Alan si tolse il visore transcronico da uno dei due alloggiamenti oculari e lo depose su quella superficie luminosa e trasparente. Un ordinario occhio, o qualcosa che aveva quell’aspetto, gli comparve tra le palpebre al posto del visore. Addossato a una parete, c'era uno strano dispositivo simile nella forma a una grossa bottiglia, al cui interno si agitava una sorta di vapore luminescente: una marmellata indistinta di luce viva che fluttuava caoticamente come nelle lampade al plasma. All’improvviso quella luce informe sembrò assumere un aspetto familiare: lentamente si raddensò in alcuni punti fino a prendere una vaga forma umana. Più il tempo passava, più la figura umana si faceva distinta, finché non diventò proprio un uomo. C’era un uomo nel materializzatore. Che se ne stava in piedi, con gli occhi chiusi, dietro la parete trasparente, immobile, avvolto ancora da quell’insolito vapore.
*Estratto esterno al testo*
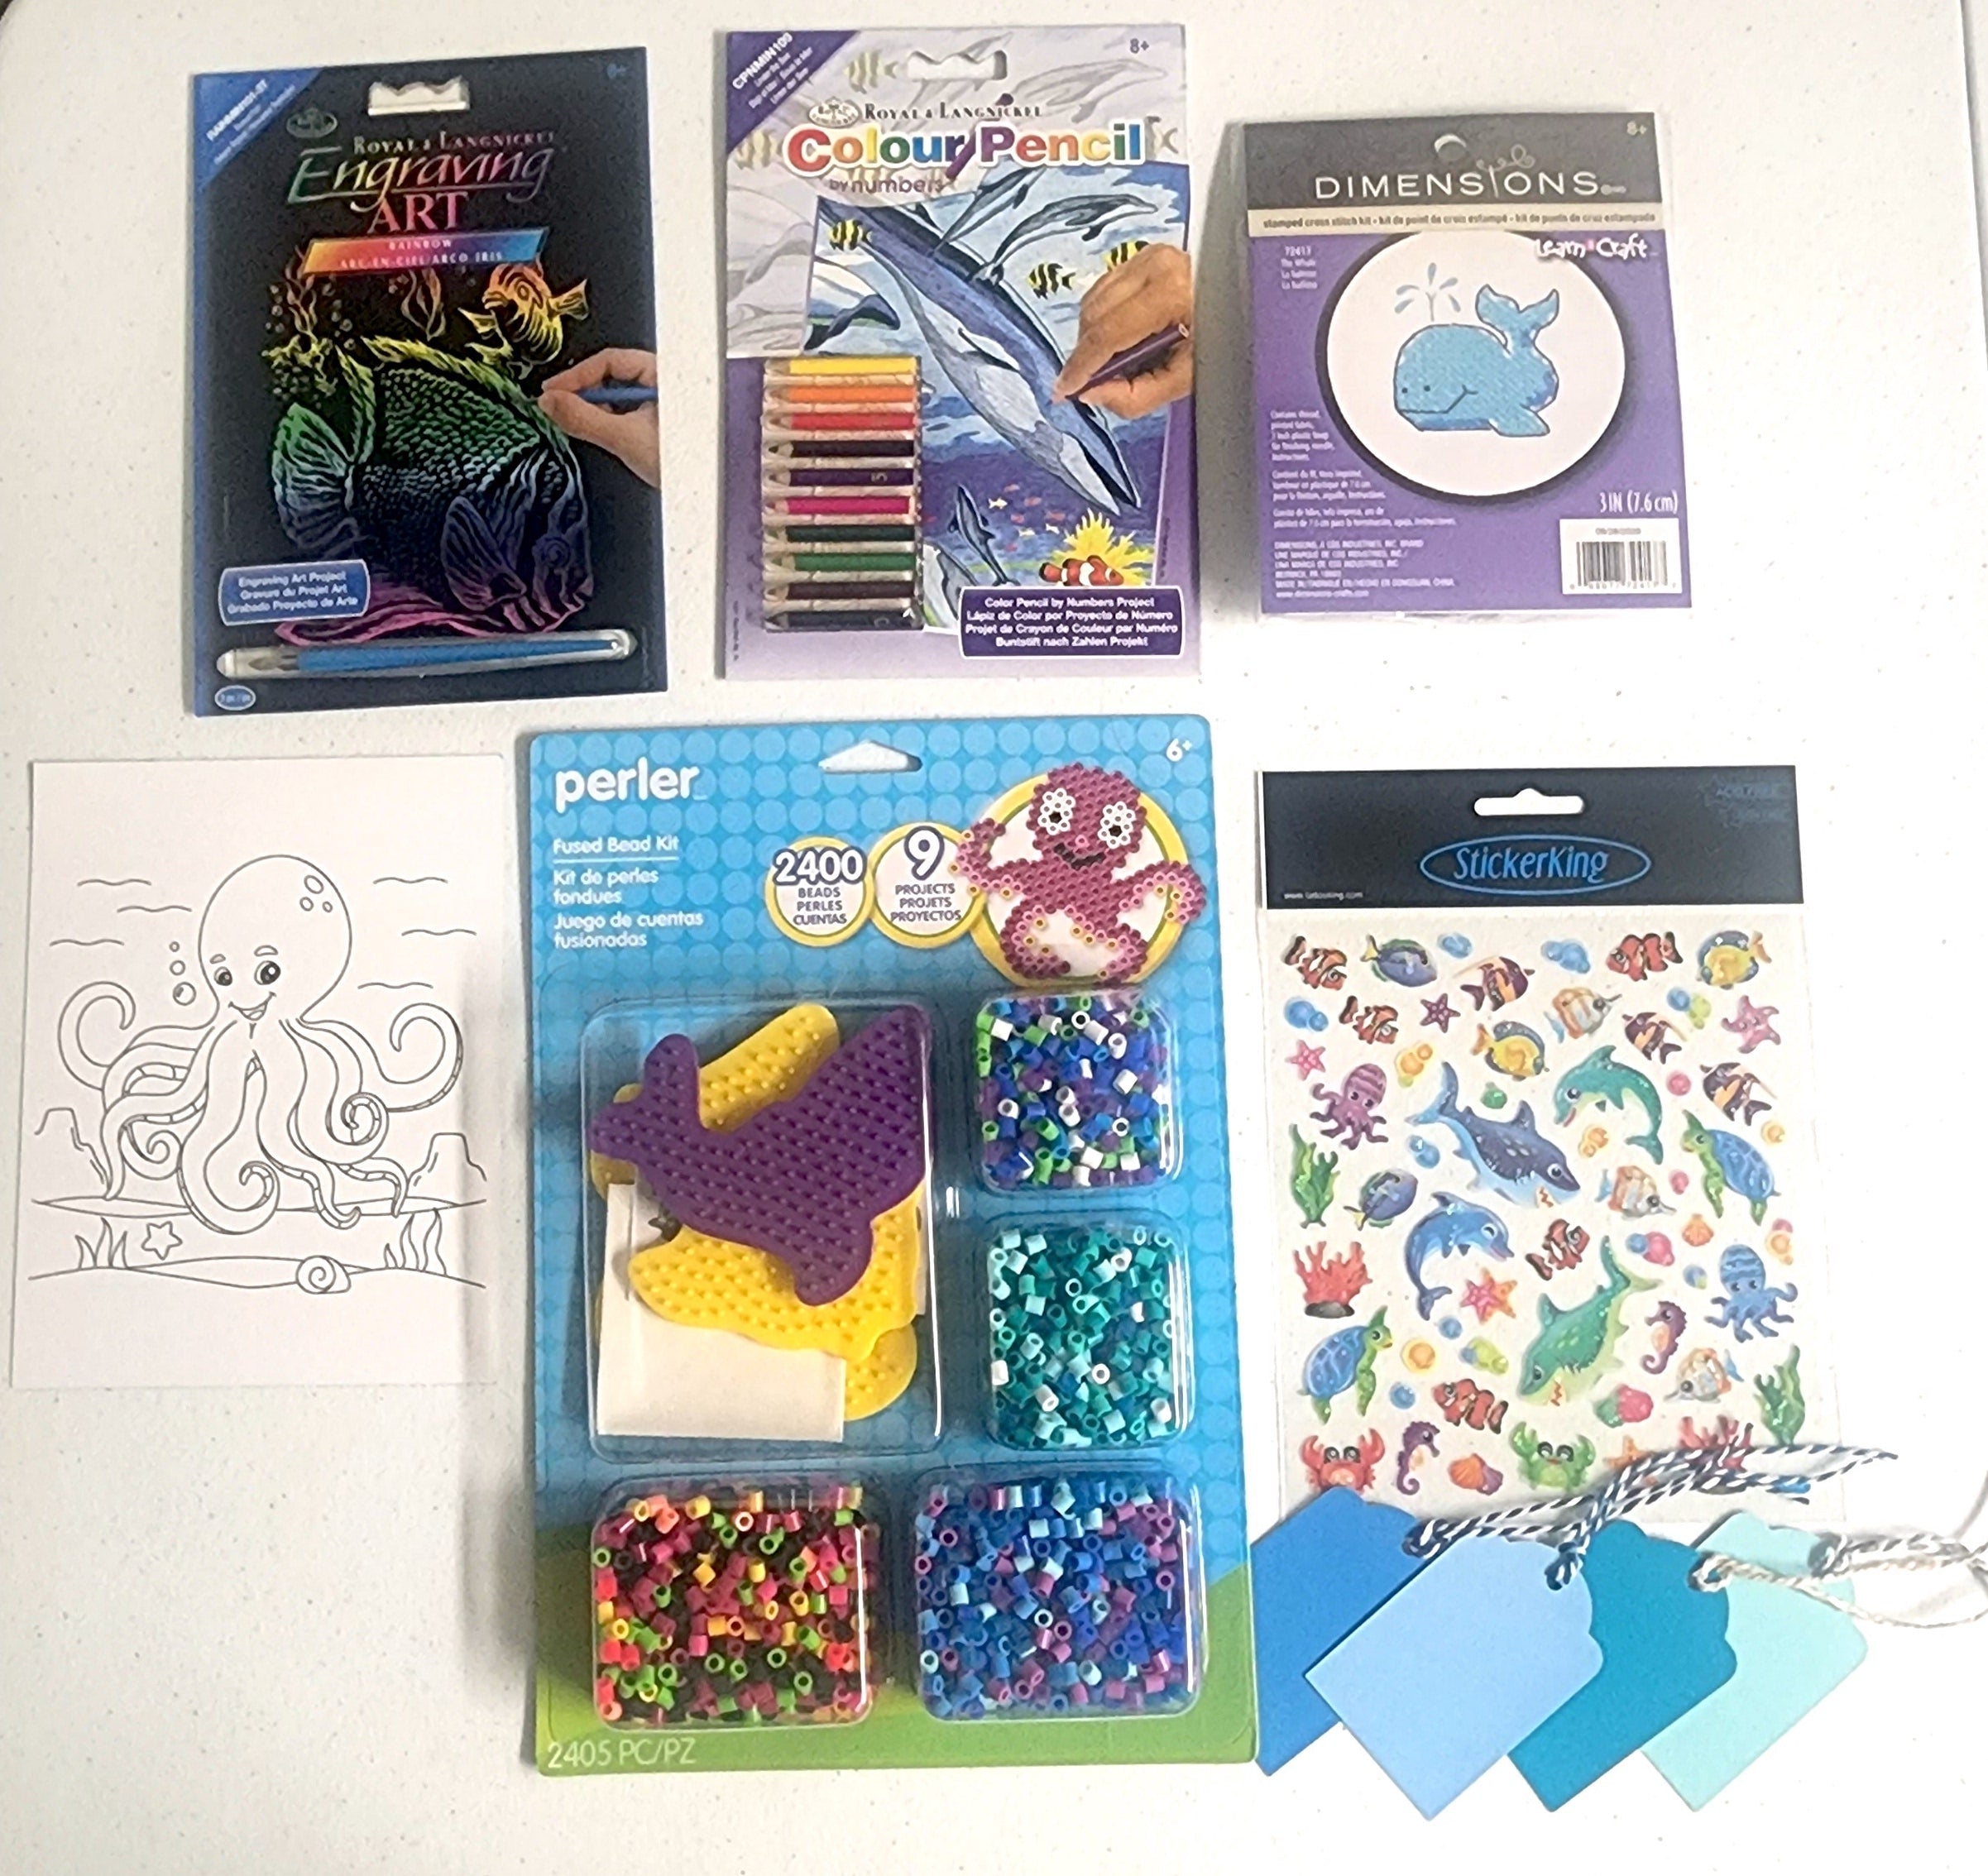 Craft 'n Stitch Ocean Animals Beach Summer Crafts Gift Box for Kids Ages 7-9

Si portò le mani tremule agli occhi, come per aprirli con le dita, così essi, facendo capolino tra le dita, piano piano si dischiusero: erano di color nocciola e molto luminosi e sembravano pieni di sorpresa, disorientamento, angoscia, terrore. Quell’uomo misterioso dalla corporatura asciutta era vestito semplicemente, con un paio di jeans e una camicia a quadretti con le maniche lunghe abbottonate ai polsi. Gli orli della camicia pendevano fuori dei pantaloni. Era lui, Saturnino!
Alan si era avvicinato al materializzatore muovendo un solo passo in avanti, quand'ecco che la porta esterna dello strano macchinario si aprì: una parte della parete trasparente scorse silenziosamente su binari invisibili e lasciò un’apertura piuttosto stretta. Attraverso questa, Saturnino, uscì camminando lentamente e facendosi largo, a passi brevi e instabili, tra gli ultimi residui di vapore che lo avevano seguito mentre varcava la porta del materializzatore, porta che un secondo dopo si richiuse dietro le spalle di Saturnino senza emettere alcun suono così come, silenziosamente, si era aperta.
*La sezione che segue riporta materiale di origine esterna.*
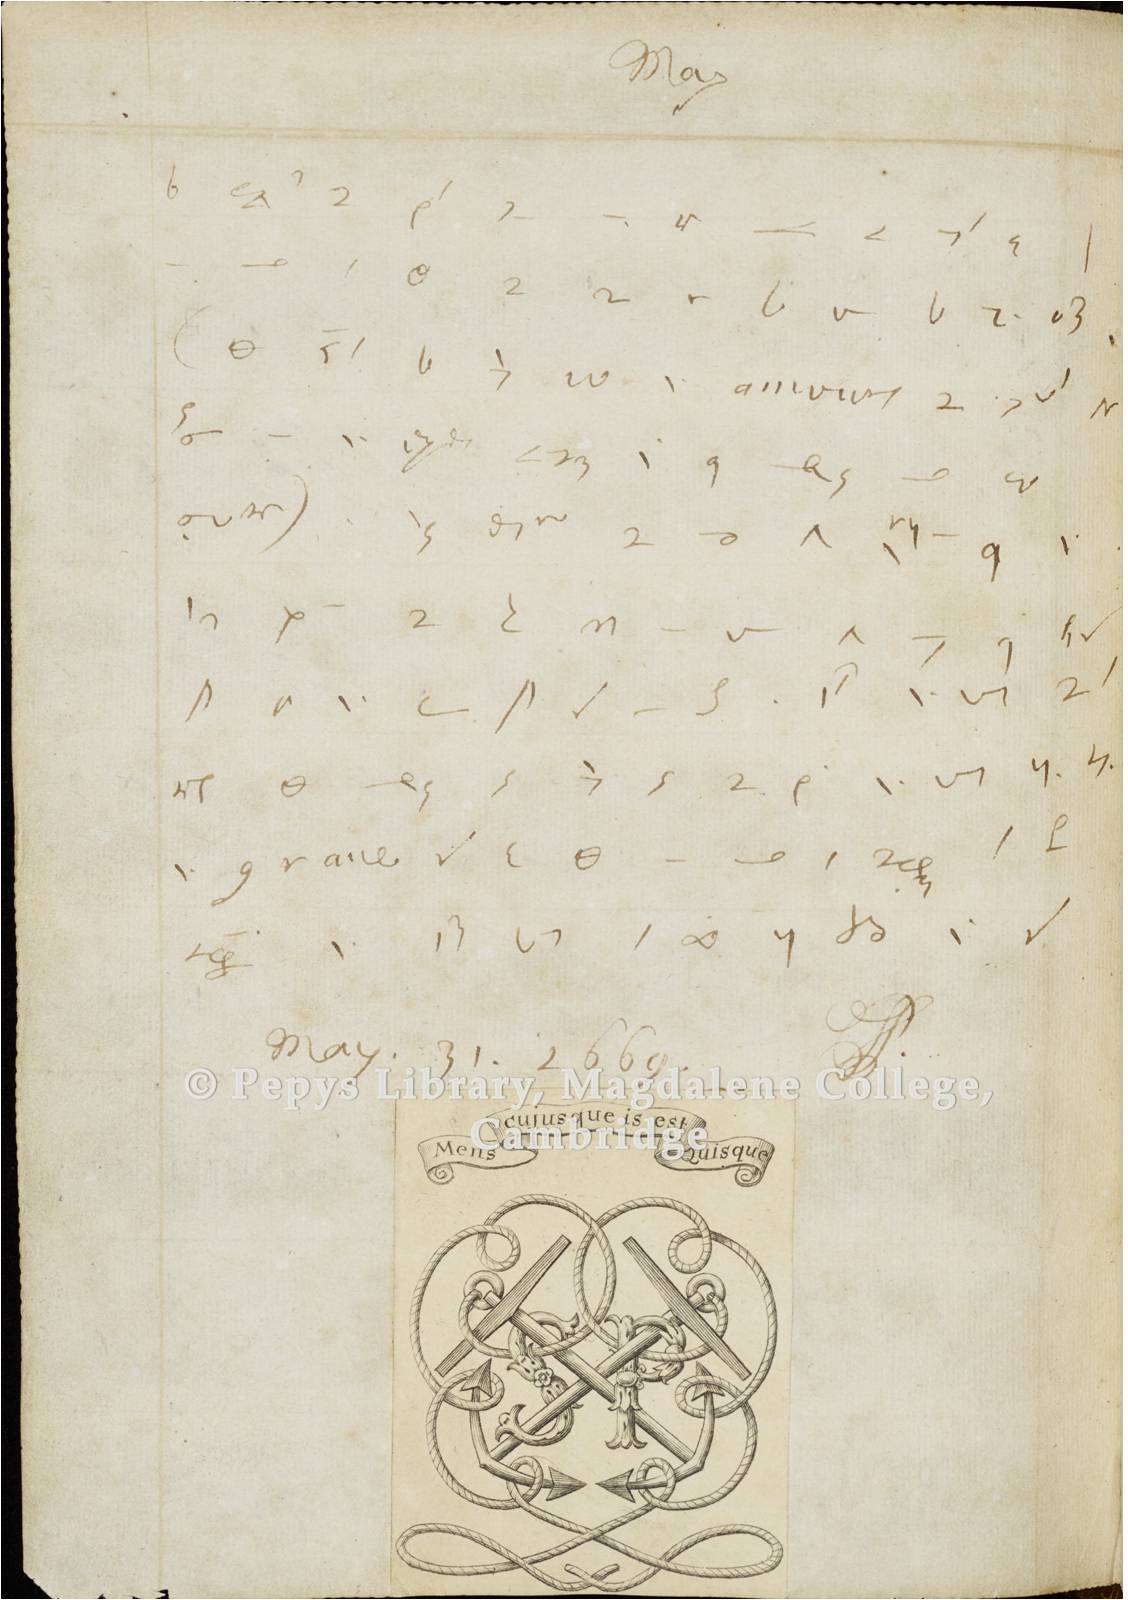 Item 4: Manuscript: The Closing of Samuel Pepys’s Diary, 31st May 1669

Alan gioì con discrezione, mentre si dissolvevano nell’aria la ultime tracce di vapore luminescente.
«Benvenuto su Ekros!»
«Dove sono? Mi sembrava di dormire…» disse Saturnino.
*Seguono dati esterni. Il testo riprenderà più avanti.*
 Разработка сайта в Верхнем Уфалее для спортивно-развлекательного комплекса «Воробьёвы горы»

«Non stavi dormendo. Eri in uno stato di totale incoscienza durante il viaggio che ti ha portato qui da me.»
«Qui da te? Incoscienza? Viaggio? Dove siamo?» farfugliò Saturnino dopo la risposta perentoria che aveva appena ricevuto, come accade a chi, ridestandosi da un lungo sonno, affastella le parole le une sulle altre confusamente, così come vengono.
«Sei su Ekros nell’anno 5000!» rispose allora Alan con voce stentorea.
Saturnino si guardò intorno trattenendo il respiro, con gli occhi ancora non del tutto aperti. Una forte luce diffusa lo abbacinò per un lungo istante. Poi tornò a vedere. Si trovava in una stanza enorme e la luce si riversava dentro passando per le grandi finestre che si aprivano lungo le pareti. Queste ultime erano di un fitto colore grigio: un grigio che appariva molto scuro e deciso, benché la forte illuminazione avrebbe dovuto schiarire tutto.
«Questa luce così irreale che viene da fuori! Il colore delle pareti… il colore è…»
«Che c’è di irreale? È una luce normale.»
«Non saprei» mormorò Saturnino molto perplesso, che adesso vedeva meglio e continuava a perlustrare l’ambiente circostante con lo sguardo.
«Come sei vestito?»
«Con la tuta della mia produzione» rispose Alan.
«Cioè?»
«Con la tuta che indossavo quando sono stato prodotto.»
Saturnino era sempre più attonito: le cose non gli parvero affatto chiare. Allora domandò, con un filo di stupore: «Sei stato… prodotto? Che vuoi dire?»
«Sì, mi hanno prodotto, come tutti gli ekrosiani» rispose Alan. «Gli ekrosiani sono gli abitanti di Ekros.»
Alan e Saturnino parlavano la stessa lingua, perciò si capivano.